Il Consiglio dei ministri che si svolge nel pomeriggio di lunedì 26 gennaio a Palazzo Chigi ha all’ordine del giorno la dichiarazione dello stato di emergenza in relazione agli eccezionali eventi meteorologici che si sono verificati, a decorrere dal 18 gennaio 2026, nelle regioni Calabria, Sicilia e Sardegna. «Una prima ricognizione c’è e purtroppo si tende addirittura a superare il miliardo e mezzo di euro come danni diretti e indiretti, perché ogni giorno che passa naturalmente emergono danni non emergenti immediatamente. Quindi si tratta di danni non indifferenti». Lo ha detto il presidente della Regione Sicilia Renato Schifani, parlando con i giornalisti prima di partecipare, assieme ai governatori di Calabria e Sardegna, al Consiglio dei ministri che delibererà lo stato d’emergenza per le regioni colpite nei giorni scorsi dal maltempo. «Si è trattato un evento straordinario – ha aggiunto -, un evento che ha messo in ginocchio una parte turistico-alberghiera prioritaria della Sicilia, la zona di Taormina, per cui temiamo anche il crollo delle strutture turistiche in un centro che ha brillato in Sicilia come Pil di attrazione turistico-alberghiera».

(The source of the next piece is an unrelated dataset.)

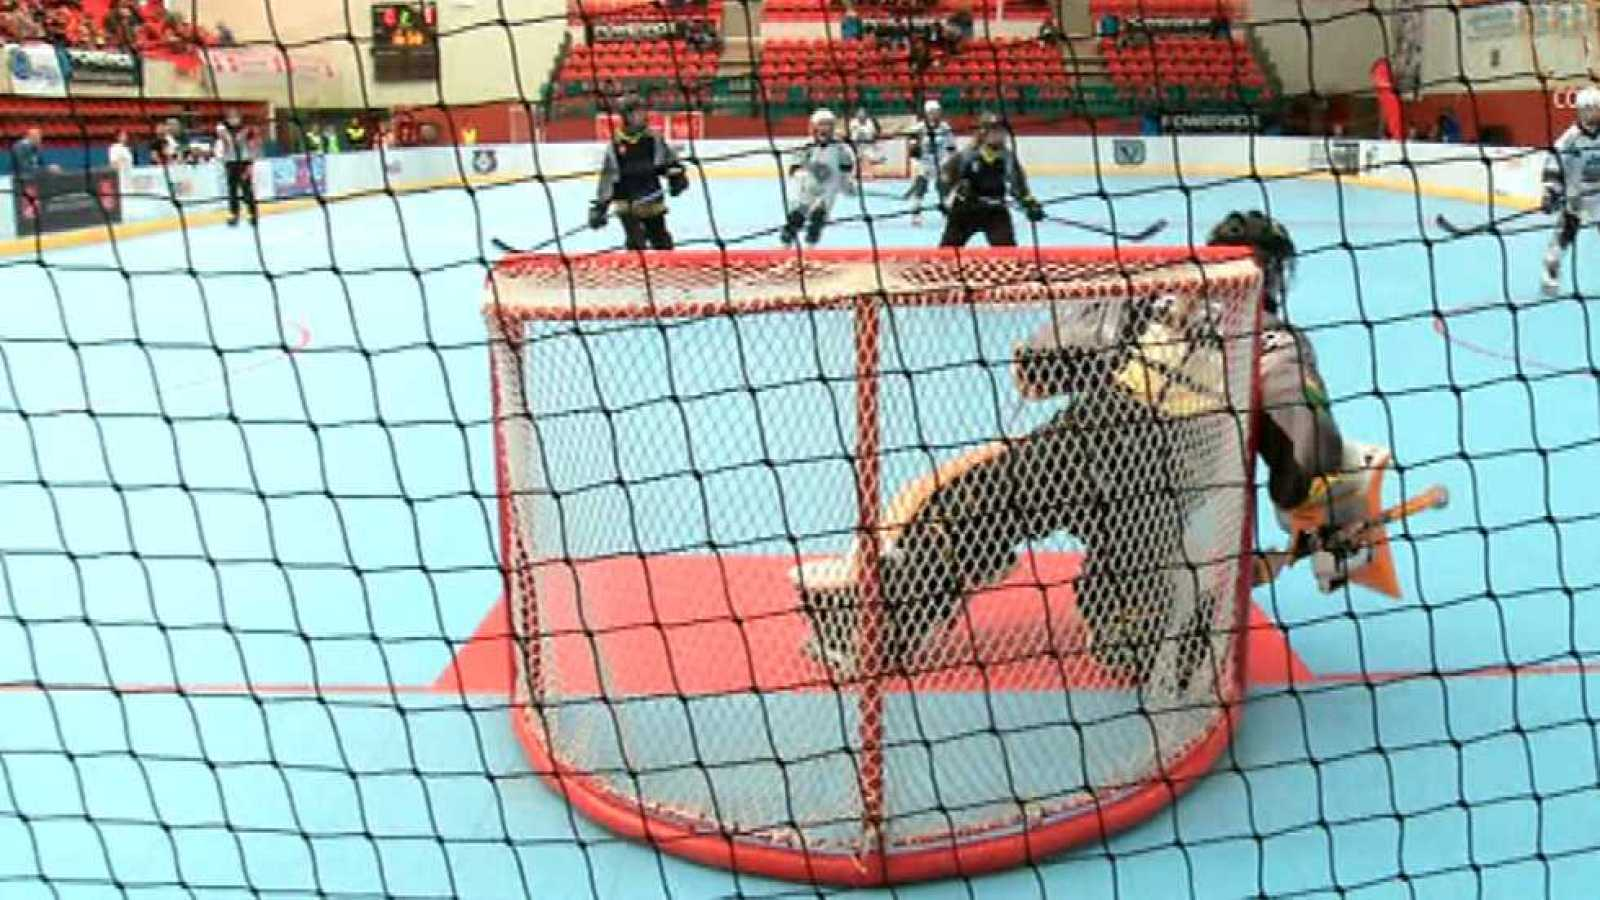 Hockey Línea - Copa del Rey y de la Reina 2016. Resumen - ver ahora

Occhiuto: «300 milioni di danni per la Calabria»
«Ci sono circa 300 milioni di euro di danni per la Calabria, chiaramente è una stima di massima e ora stiamo facendo una ricognizione più puntuale». Lo ha detto il presidente della Regione Calabria e vicesegretario di Forza Italia, Roberto Occhiuto, parlando con i giornalisti fuori Palazzo Chigi prima di partecipare, con i governatori di Sicilia e Sardegna, al Consiglio dei ministri convocato per dichiarare lo stato d’emergenza per le regioni colpite nei giorni scorsi dal maltempo. «Ci aspettiamo che sia dichiarato lo stato d’emergenza, così come abbiamo chiesto con apposite delibere di giunta. Lo ha fatto la Calabria, lo hanno fatto anche le altre regioni – ha sottolineato -. Ci aspettiamo uno stanziamento iniziale per poter procedere ai lavori da svolgere in somma urgenza e anche qualche altro provvedimento con una dote finanziaria più consistente, che è difficile quantificare perché la quantificazione dei danni si sta facendo appunto in questi giorni in maniera puntuale». E ha spiegato: «A noi interessa che ci sia un provvedimento che assicuri che siano ristorati tutti quelli che hanno perso la loro attività. Io ho visto persone piangere perché il loro ristorante o la loro attività con la quale davano da mangiare alla famiglia non c’era più, per cui chiediamo che vengano innanzitutto ristorati questi danni». E in merito ai tempi ha detto: «Se si fa la dichiarazione di emergenza, come noi ci aspettiamo, possono essere molto veloci perché si va in deroga ad ogni vincolo ad ogni legge».